Крепость казалась неприступной. Тайком не подобраться, подступы простреливаются. Разве что зимой, в темноте… Такко живо представил, каково идти по заснеженным и обледенелым тропам, когда ещё и светает на каких-то три-четыре часа, и поёжился. Нет, в мороз здесь делать нечего. Оставалось только гадать, чего стоили Шейну и его людям зимние вылазки.

Скрипнула боковая дверь, под ноги легли три десятка ступеней — каменных. Дерево берегли, даже щели в рассохшихся дверях и ставнях были заткнуты водорослями и замазаны глиной. А ведь если восточные земли отказались поставлять Шейну стрелы после похода Ардерика, значит, запас в оружейных должен быть невелик. Да и ветер здесь такой, что толком не прицелишься, а значит, если прорваться за предел досягаемости камнемётов и рассредоточиться…

Додумать блестящий план Такко не дали: втолкнули в просторный зал. В середине стоял огромный деревянный стол, под сломанные ножки были подложены камни. У окна Такко разглядел двух женщин, занятых рукоделием, и смутную тень в углу. Старшая из женщин подняла седую голову, глянула колко и враждебно. Провожатый сбивчиво объяснился, мешая имперское наречие с местным.

На стол шлёпнулось отнятое у Такко оружие, и у него заныло в груди — в потайном отделении колчана прятался белый цветок, сорванный у Эсхенского замка. Глупо было жалеть о мёртвых лепестках, когда собственная жизнь висела на волоске, только для Такко эти лепестки были памятью об Агнет. Он решительно отвёл от колчана глаза. Нужно было хорошенько всё рассмотреть и запомнить.

Сквозняк взвился, мазнул по лицу — за спиной открылась дверь и вошёл Шейн. Такко впервые видел его столь близко. Он был высок и широк в плечах, как барон, но крепок и двигался быстро, хищно. Рыжие вихры всклокочены ветром, на вязаной рубахе переплетался сложный узор. Шейн окинул Такко пренебрежительным взглядом голубых глаз, повернул к свету:

— Южанин, и к бабке не ходи. — Развернул спиной к себе и дёрнул связанные руки вверх, заставив Такко задержать дыхание и склониться вперёд. — Пальцы в чернилах и мозолях от тетивы. Что, сперва считал шерсть для Империи, а теперь подался искать славы, не разобравшись даже, за кого сражаешься?

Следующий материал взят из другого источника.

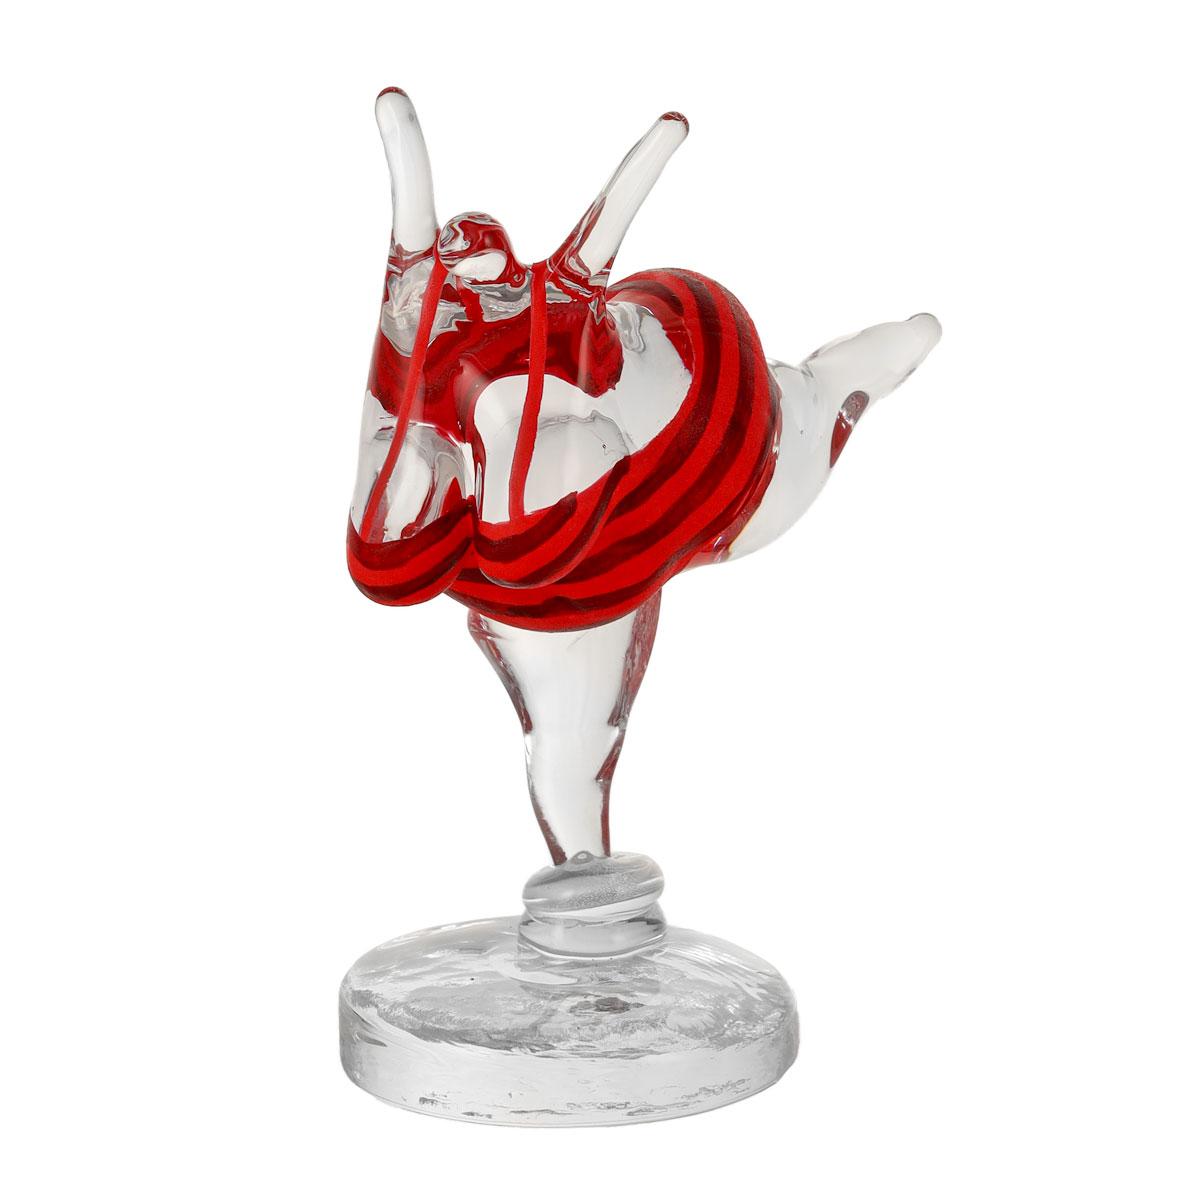 Kosta Boda Happiness Red Figure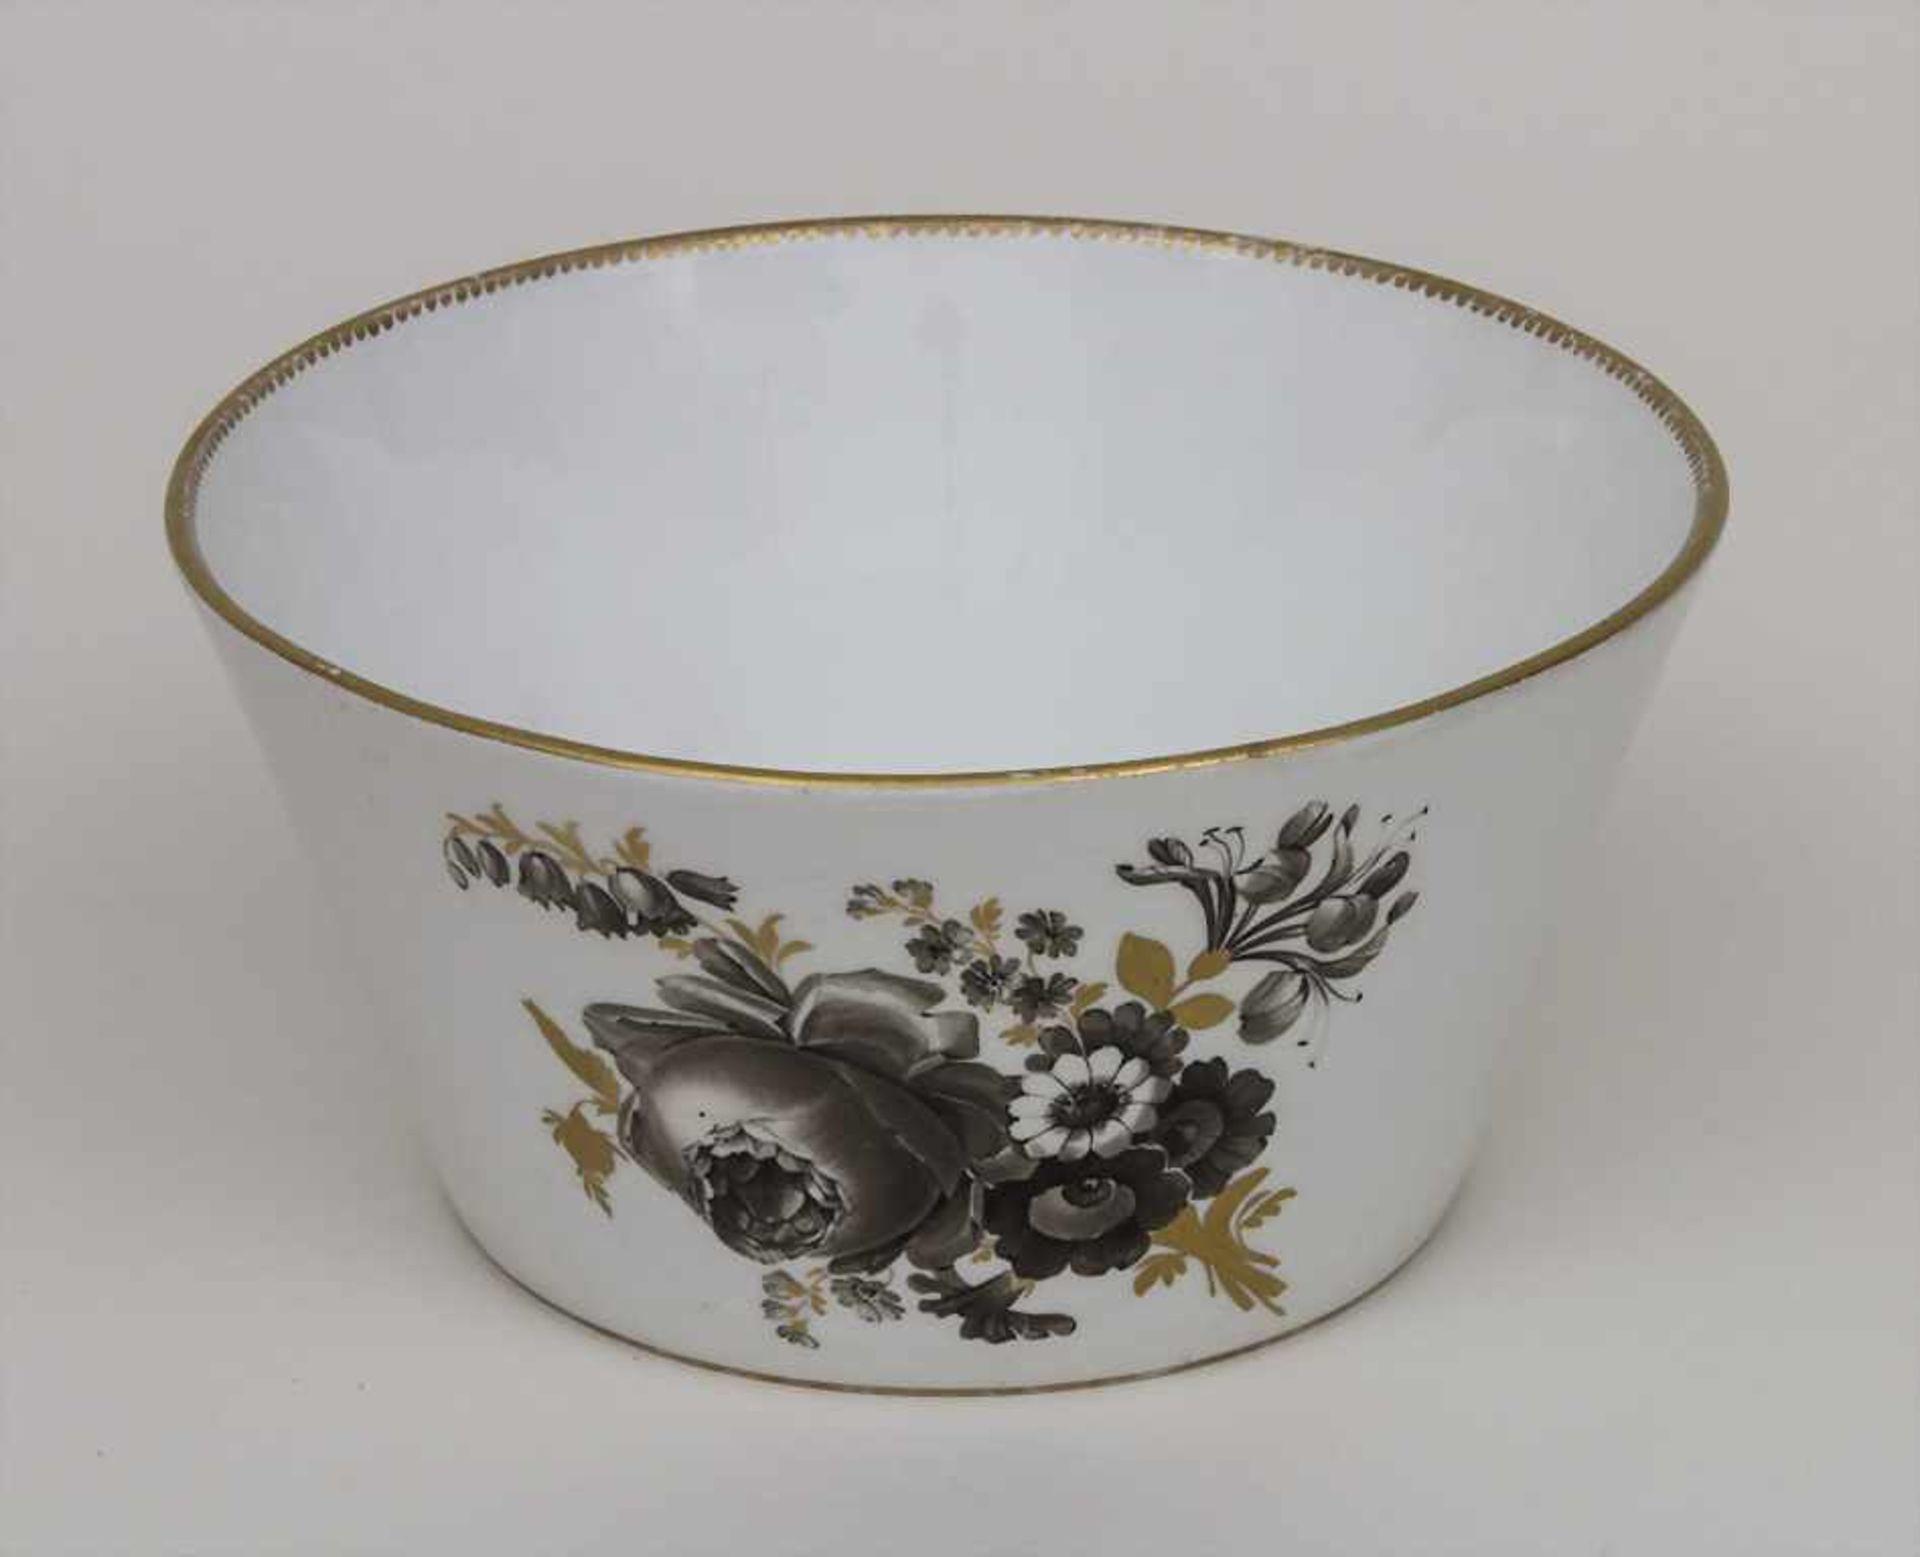 Schale mit Blumenbouquets / A bowl with bouquets of flowers, Meissen, um 1774-1814 Material:

Такко молчал. Шейн вытряхнул из колчана стрелы, осмотрел остриё.

— Охотничек, значит. Мда, небогат улов… В погреб его! Вечером разберусь.

— Ещё штаны будет просиживать, — заворчала старуха. — К делу приставь, хоть рыбу чистить.

— Дело говоришь, мать! Только нож я ему, пожалуй, не дам. Пусть сети чинит.

Такко хотелось гордо заявить, что зимой он не шерсть считал, а собирал стреломёт. А ещё защищал укрепления в Зимний Перелом, сражался в осаждённом замке и держал Шейна на прицеле, когда тот бился с Ардериком! Но он благоразумно прикусил язык. Убивать его пока не собирались, наоборот, провожатый тянул за верёвки на руках и ногах, распутывая хитрые узлы. Глядишь и удастся выбраться, а заодно высмотреть всё, что надо. От маркграфа в своё время ушёл, уйдёт и от Шейна.

Главное, что никто больше не попался. Конечно, немного обидно было думать, что Верен, обнаружив пропажу, вернулся в лагерь, но Такко понимал — его глупость едва не стоила жизни всему отряду. Вот же дурак — по сторонам смотрел, а вверх поглядеть не подумал, даром что сам вырос в горах!

Снова распахнулась дверь. Такко обернулся, и его будто облили ледяной водой. В тесный проём ввели, вернее, втащили ещё двоих пленников. Взгляд выхватывал детали: порванная рубаха, рассеченная бровь, брошенные на стол мечи, один с потемневшей лентой под рукоятью… Такко уставился на Верена и Кайлена, не веря глазам, и тут же опустил голову, желая провалиться сквозь землю, лишь бы не встречаться взглядом с другом.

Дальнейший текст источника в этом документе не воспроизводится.